Tuesday, August 23, 2011

The Alarm - The Alarm (EP)

The band from North Wales known as the Alarm have been together since the late 1970’s; the primary members of the group are Mike Peters, Dave Sharp, Eddie MacDonald and Nigel Twist. They first started out with a mod sound but eventually moved to a more alternative rock sound in the early 80’s. Their music is very much influenced by the Welsh culture where they grew up. Some would draw comparisons between the Alarm and U2 as they come from similar backgrounds, have similar sounds and have lyrics directed at activism; for me personally I prefer the Alarm (they are certainly more represented in my iTunes library).

In 1982, the Alarm began to record demos for various record labels. IRS Records eventually signed the group and worked with them to release their self-titled 1983 EP the Alarm in July of that year. The record, consisting of five tracks in total, did not make the UK album charts yet in the US it did reach number 126 on the Billboard 200 charts.

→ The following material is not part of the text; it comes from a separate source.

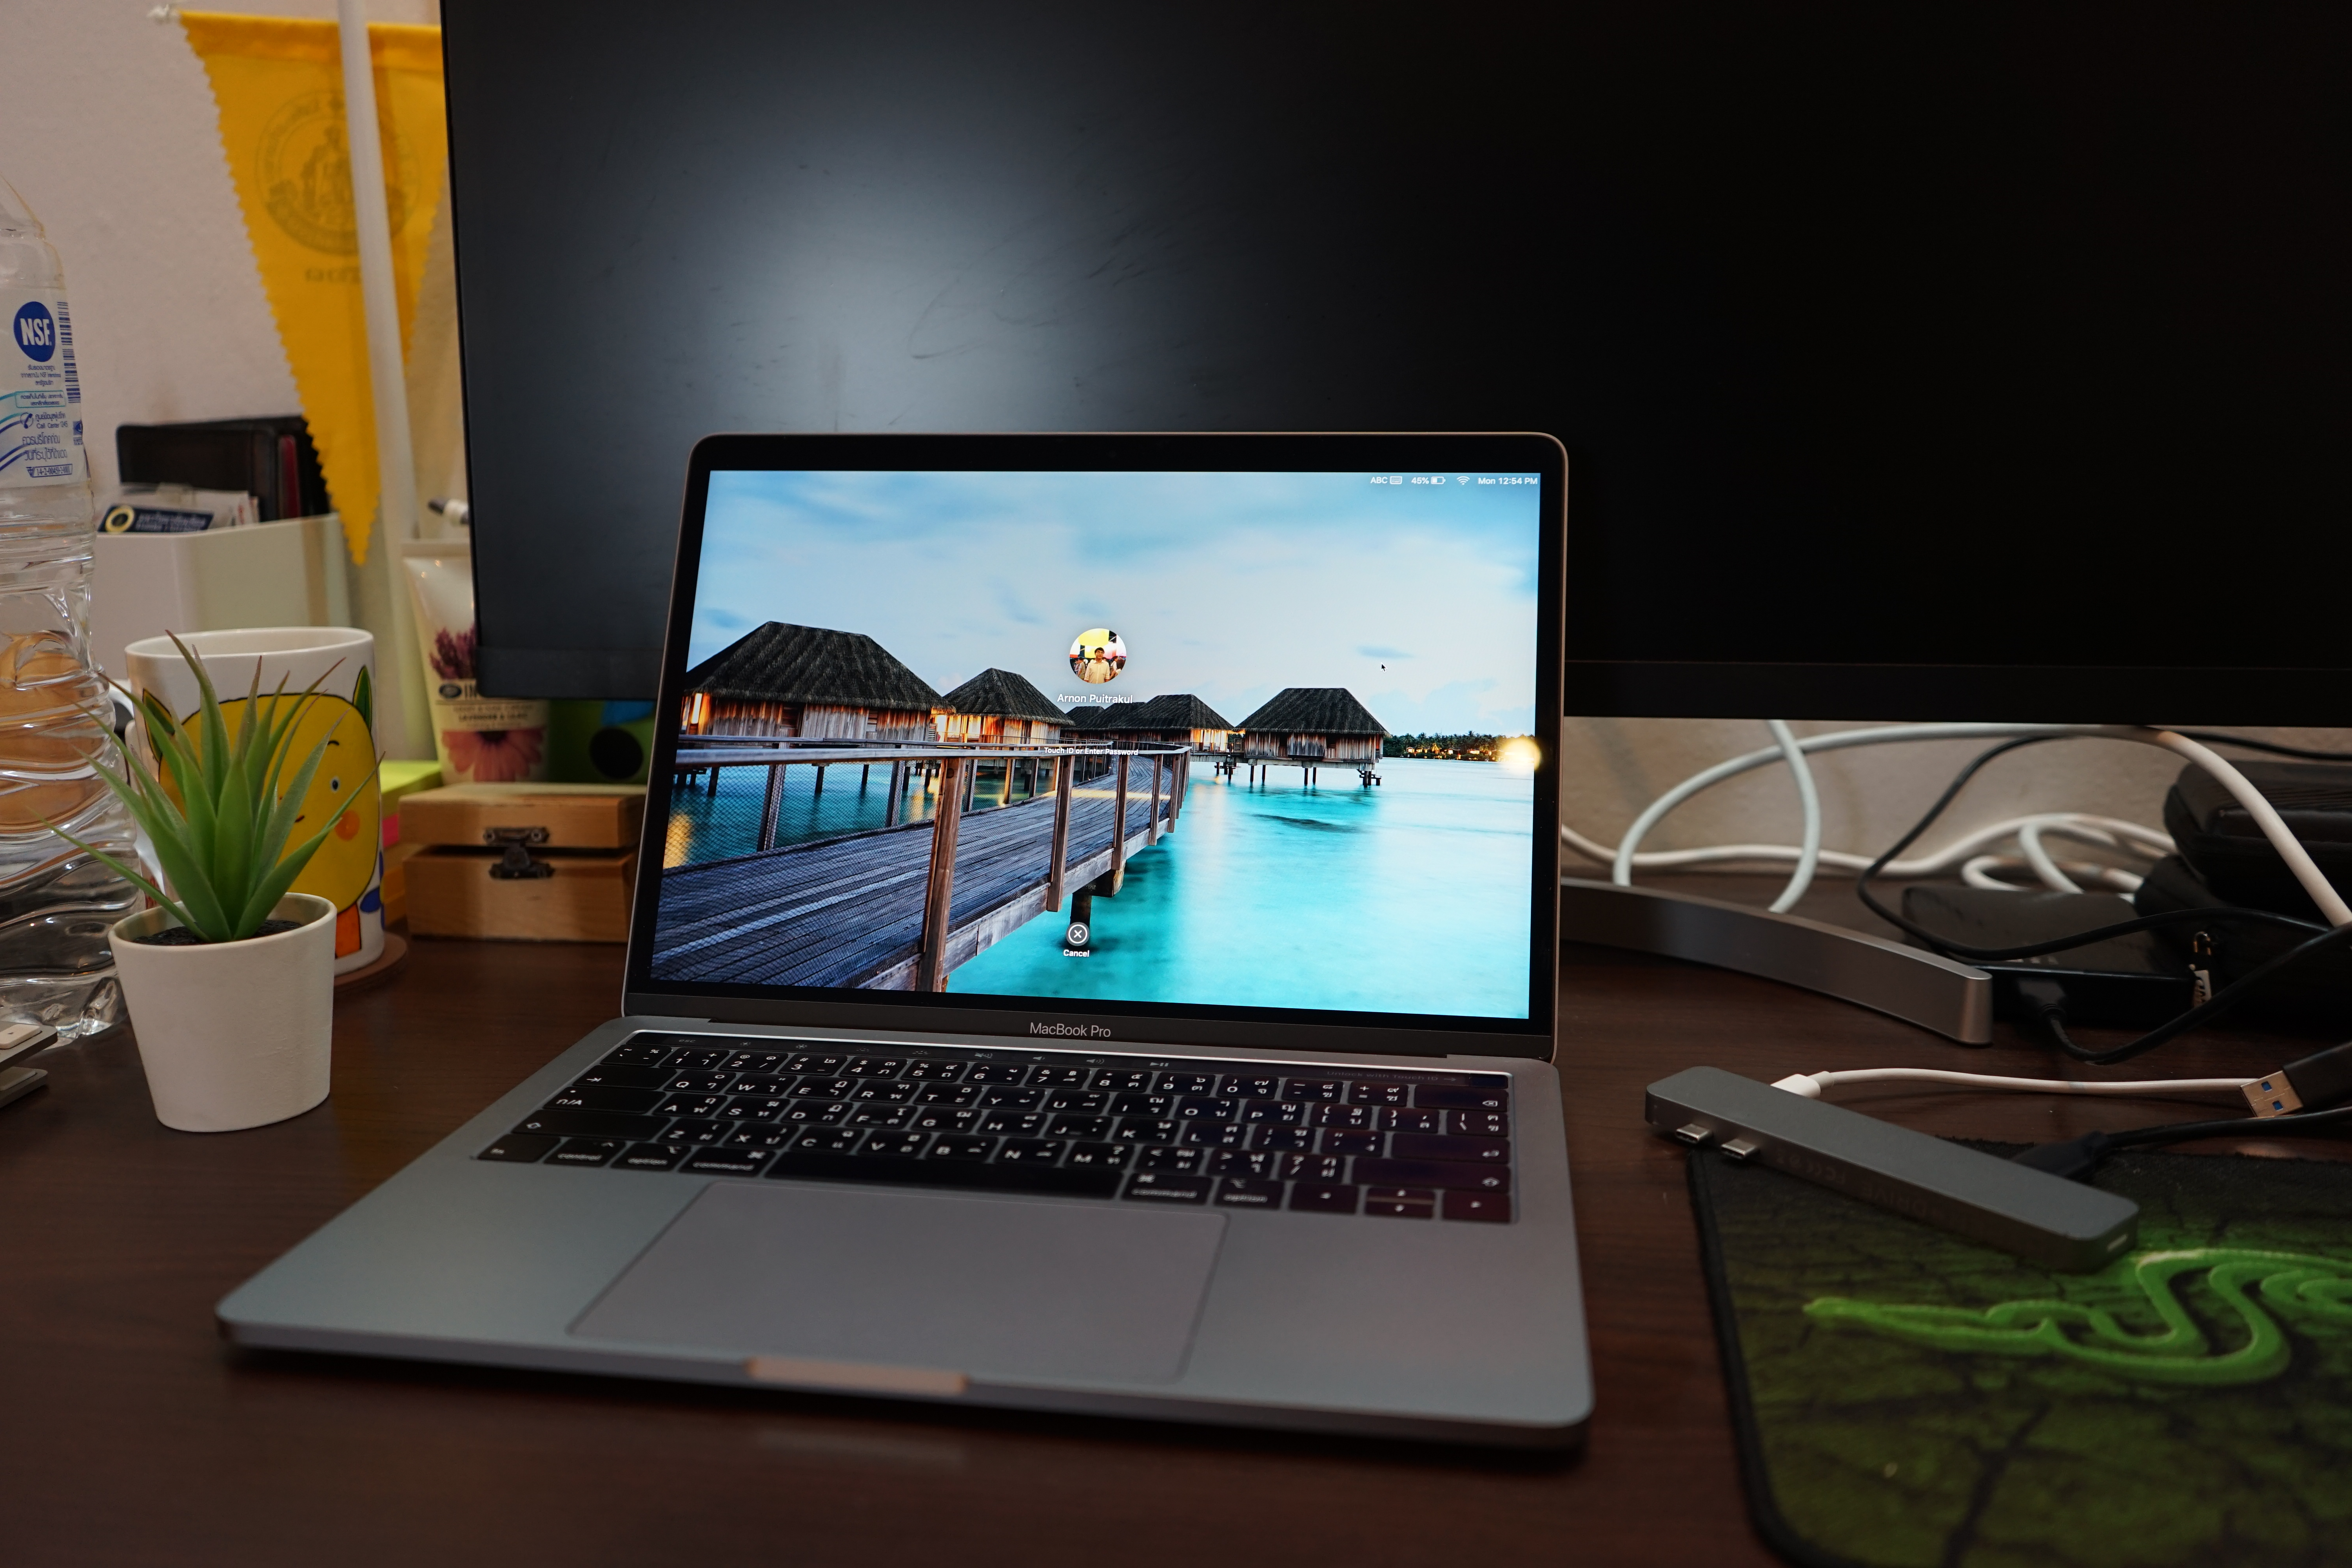 MacBook Pro 13-inch 2018

The first side opens with “The Stand”, a song inspired by the Stephen King novel of the same name. It captures the post-apocalyptic mood of the 1978 book and follows the travels of the character Randall Flagg. I find myself singing along with the chorus on this one every time; I think it and the music all work very well on this very underappreciated 80’s track. This was the second single ever released by the band and the first to ever break onto the UK charts (it went to number 86).

“Across the Border” with its driving guitars is a commentary on the violence going on in Ireland in the late 70’s and early 80’s. Through the lyrics, the band is pleading for the sides to seek a peaceful solution rather than just drive up the number of casualties.

Side two charges in with “Marching On”, a track also released as a single prior to the EP. It failed however to make much of a dent on the charts on either side of the pond. The song is very much an anthem for the youth of the day to make their voices heard through organized but peaceful demonstrations like marches and such.

“Lie of the Land” is too a song of hope and optimism. I love the harmonica on this one. It adds a nice touch to the band’s overall sound.

The final track is a live version of the song “For Freedom”. I like it because it gives you a glimpse of the band in their element, a reflection of their many years of doing gigs while trying to get that break. It also shows that the band sounds equally amazing both in the studio and in concert.

The Alarm did a lot of touring in the US that summer to support the EP. They also appeared on shows like American Bandstand and The Cutting Edge as well as having videos appearing on the still new MTV channel. All of this promotion would eventually lead to a full album, 1984’s Declaration (the topic for a future review).

For me, it was college radio that first introduced me to these songs and the band. I was an instant fan after hearing “The Stand”. Over my college years, I would still hear of the band through new releases and singles. A few years ago, when I joined emusic.com and was getting into the whole digital scene, I purchased a number of their re-mastered albums that included many additional tracks like B-sides and live versions. My enjoyment of the Alarm’s body of work has grown even more so since then.

Really though, it all started with these five tracks on this the Alarm EP.